FIG. 1 is a refrigeration cycle diagram of a multi-room air conditioner according to an embodiment of the present invention.

FIG. 2 is a timing chart showing an operation with respect to a time change when an indoor unit of the embodiment switches from cooling to heating.

FIG. 3 is a timing chart showing an operation with respect to a time change when the indoor unit of the embodiment switches from heating to cooling.

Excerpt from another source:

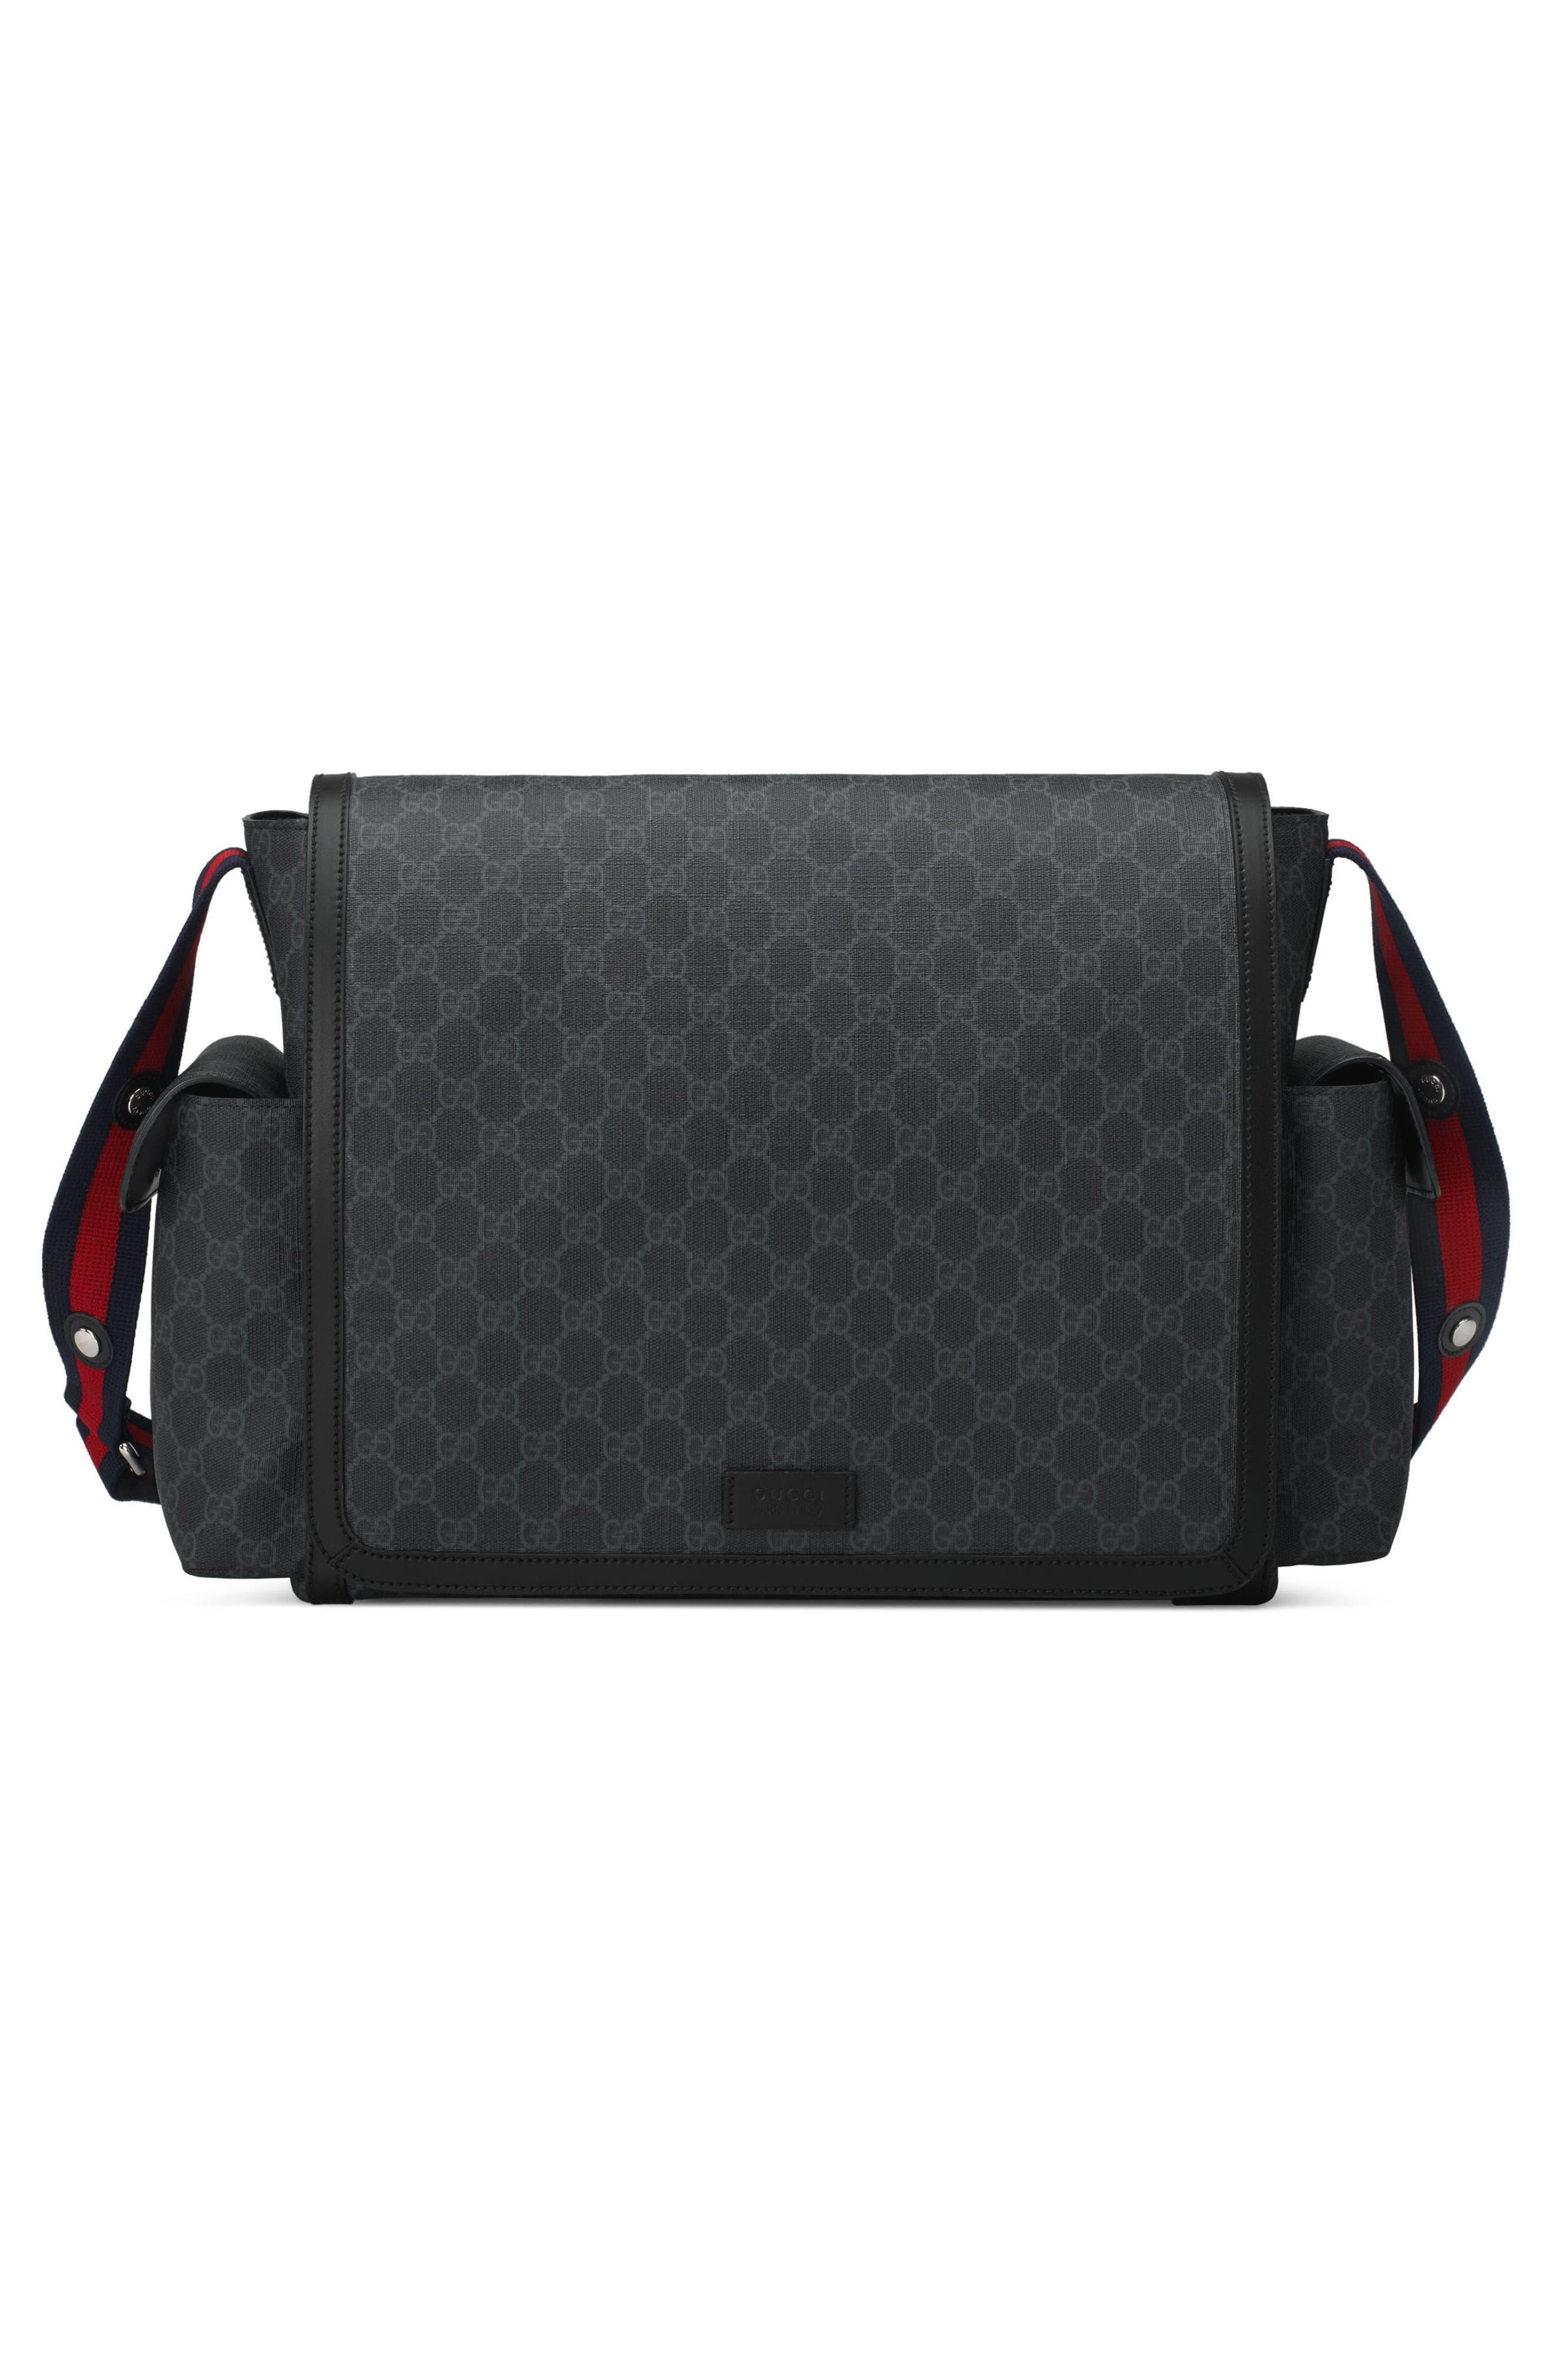 GG Supreme Canvas Diaper Bag,                             Alternate thumbnail 9, color,                             BLACK

FIG. 4 is a refrigeration cycle diagram of a conventional multi-room air conditioner.

[Explanation of symbols]

 DESCRIPTION OF SYMBOLS 1 Outdoor unit 2 Compressor 3a, 3b Three-way valve 4 Outdoor heat exchanger 5 Outdoor expansion valve 7 Indoor unit 8 Indoor expansion valve 9 Indoor heat exchanger 11 High pressure side two-way valve 12 Low pressure side two-way valve 15 High pressure Gas pipe 17 Low pressure gas pipe 19 Liquid pipe 20 Outdoor fan 21 High pressure side two-way valve control means 22 Low pressure side two-way valve control means 23 Indoor side expansion valve control means 24 Outdoor side fan control means

Claims (1)

(57) [Claims] 1. An outdoor unit comprising a compressor, a three-way switching mechanism, an outdoor heat exchanger, an outdoor expansion valve and an outdoor fan, and a plurality of indoor units comprising an indoor expansion valve and an indoor heat exchanger are supplied with high pressure. Connected in parallel via gas pipe, low pressure gas pipe and liquid pipe,
One of the indoor heat exchangers is switchably connected to the high-pressure gas pipe or the low-pressure gas pipe by opening and closing a high-pressure two-way valve and a low-pressure side two-way valve, and the other one of the indoor-side heat exchanger is Connected to the liquid pipe via an indoor expansion valve, the high pressure side two-way valve is opened after a certain time after the low pressure side two-way valve is closed, or after a certain time after the high pressure side two-way valve is closed. Indoor-side expansion which has a two-way valve control means for opening the low-pressure side two-way valve and fully closes the indoor-side expansion valve during a period from the closing of one two-way valve to the opening of the other two-way valve; Valve control means and the outdoor fan performs a strong wind operation from the closing of the low-pressure side two-way valve to the opening of the high-pressure side two-way valve during the cooling operation or the cooling main operation, and the high-pressure side two-way during the cooling operation or the cooling main operation. The outdoor side from the closing of the valve to the opening of the low-pressure side two-way valve And stopping the outdoor fan from the closing of the low-pressure side two-way valve to the opening of the high-pressure side two-way valve during the heating operation or the heating main operation. A multi-room air conditioner having stop outdoor fan control means for operating the outdoor fan in a strong wind from the closing of the direction valve to the opening of the low-pressure side two-way valve.